The most popular open source license

The MIT License is a permissive free software license originating at the Massachusetts Institute of Technology. It is one of the most widely used licenses in the open source community, known for its simplicity and minimal restrictions on reuse.

Key characteristics: permits commercial use, modification, distribution, and private use. The only condition is that the license and copyright notice must be included in all copies or substantial portions of the software.

SPDX: MIT

Compatible with: GPL-2.0, GPL-3.0, Apache-2.0, BSD-2-Clause, BSD-3-Clause, ISC, Unlicense.

Apache License 2.0

Permissive with patent protection

The Apache License 2.0 provides an explicit grant of patent rights from contributors to users. It allows unrestricted use, modification, and distribution, while requiring preservation of the copyright notice and disclaimer.

SPDX: Apache-2.0

Notable users: Android, Kubernetes, TensorFlow, Swift.

C

Copyright Basics

Copyright is a form of intellectual property protection granted to the authors of original works. It applies automatically upon creation of the work in a fixed, tangible form.

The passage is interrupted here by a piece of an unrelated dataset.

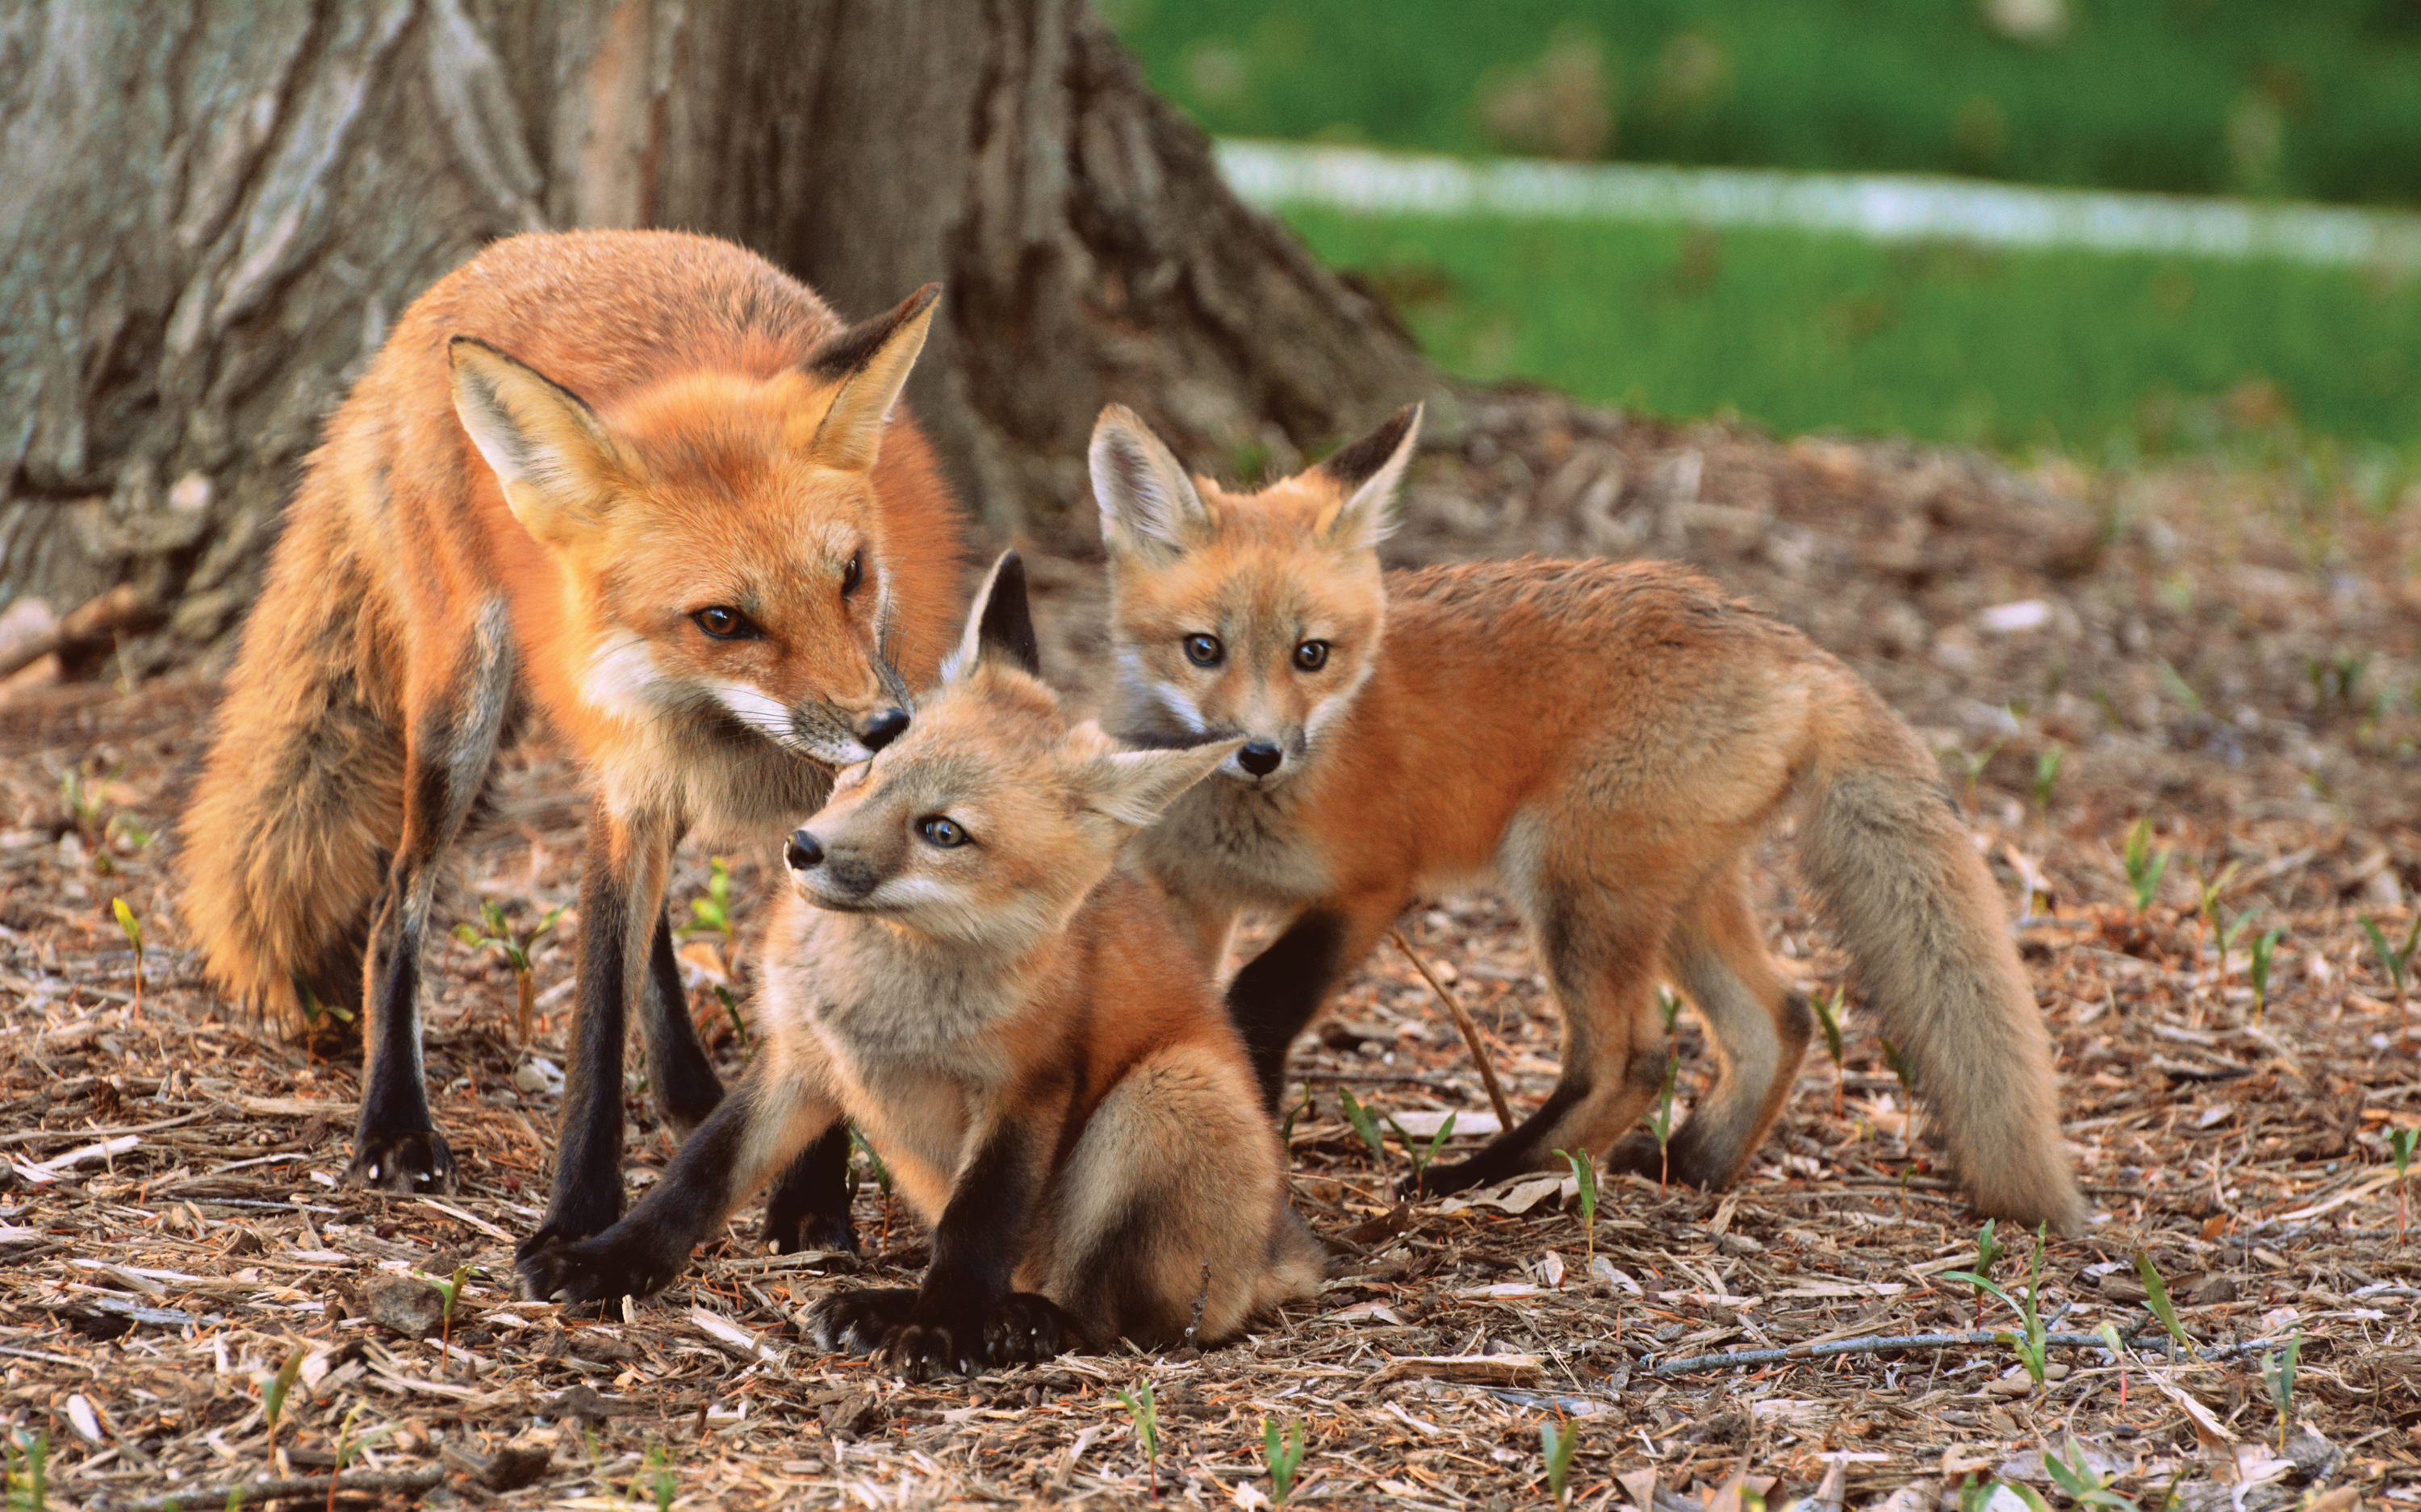 Those are foxes. Лиса. Лиса с лисятами. Картинка лиса с лисятами. Картина лиса с лисятами.

Duration: Life of the author plus 70 years (in most jurisdictions).

GPL License Family

Copyleft licenses by the FSF

The GNU General Public License (GPL) is a series of copyleft licenses authored by Richard Stallman for the Free Software Foundation. Copyleft requires that derivative works also be distributed under the same license terms.

GPL-2.0: Requires source code distribution for binaries. No patent clause. Used by Linux kernel.

GPL-3.0: Adds patent protection, anti-tivoization provisions, and compatibility with Apache-2.0. Used by GCC, GIMP, bash.

LGPL: A weaker copyleft that allows linking from proprietary software. Used by glibc, GTK, Qt (historically).

AGPL-3.0: Extends GPL-3.0 to network use -- if you modify AGPL software and let users interact with it over a network, you must release the source.

SPDX: GPL-2.0-only | GPL-3.0-only | LGPL-2.1 | AGPL-3.0

Creative Commons

Licenses for creative works

Creative Commons licenses provide a standardized way for creators to grant permission for others to use their creative work. The system uses a modular approach with four conditions:

BY (Attribution), SA (ShareAlike), NC (NonCommercial), ND (NoDerivatives).

Six main combinations: CC BY, CC BY-SA, CC BY-NC, CC BY-NC-SA, CC BY-ND, CC BY-NC-ND. Plus CC0 (public domain dedication).

SPDX Identifiers

SPDX (Software Package Data Exchange) provides a standard notation for expressing license information. Each license is assigned a unique short identifier.

Example: MIT, Apache-2.0, GPL-3.0-only

Fair Use

Fair use is a legal doctrine permitting limited use of copyrighted material without permission. Four factors are considered: purpose and character of use, nature of the copyrighted work, amount used, and effect on the market.

BSD Licenses

Simple permissive licenses from Berkeley

The BSD licenses are a family of permissive licenses originating from the University of California, Berkeley. Key variants:

BSD-2-Clause (Simplified): Requires copyright notice in source and binary redistributions.

BSD-3-Clause (New): Adds a non-endorsement clause preventing use of the author's name for promotion.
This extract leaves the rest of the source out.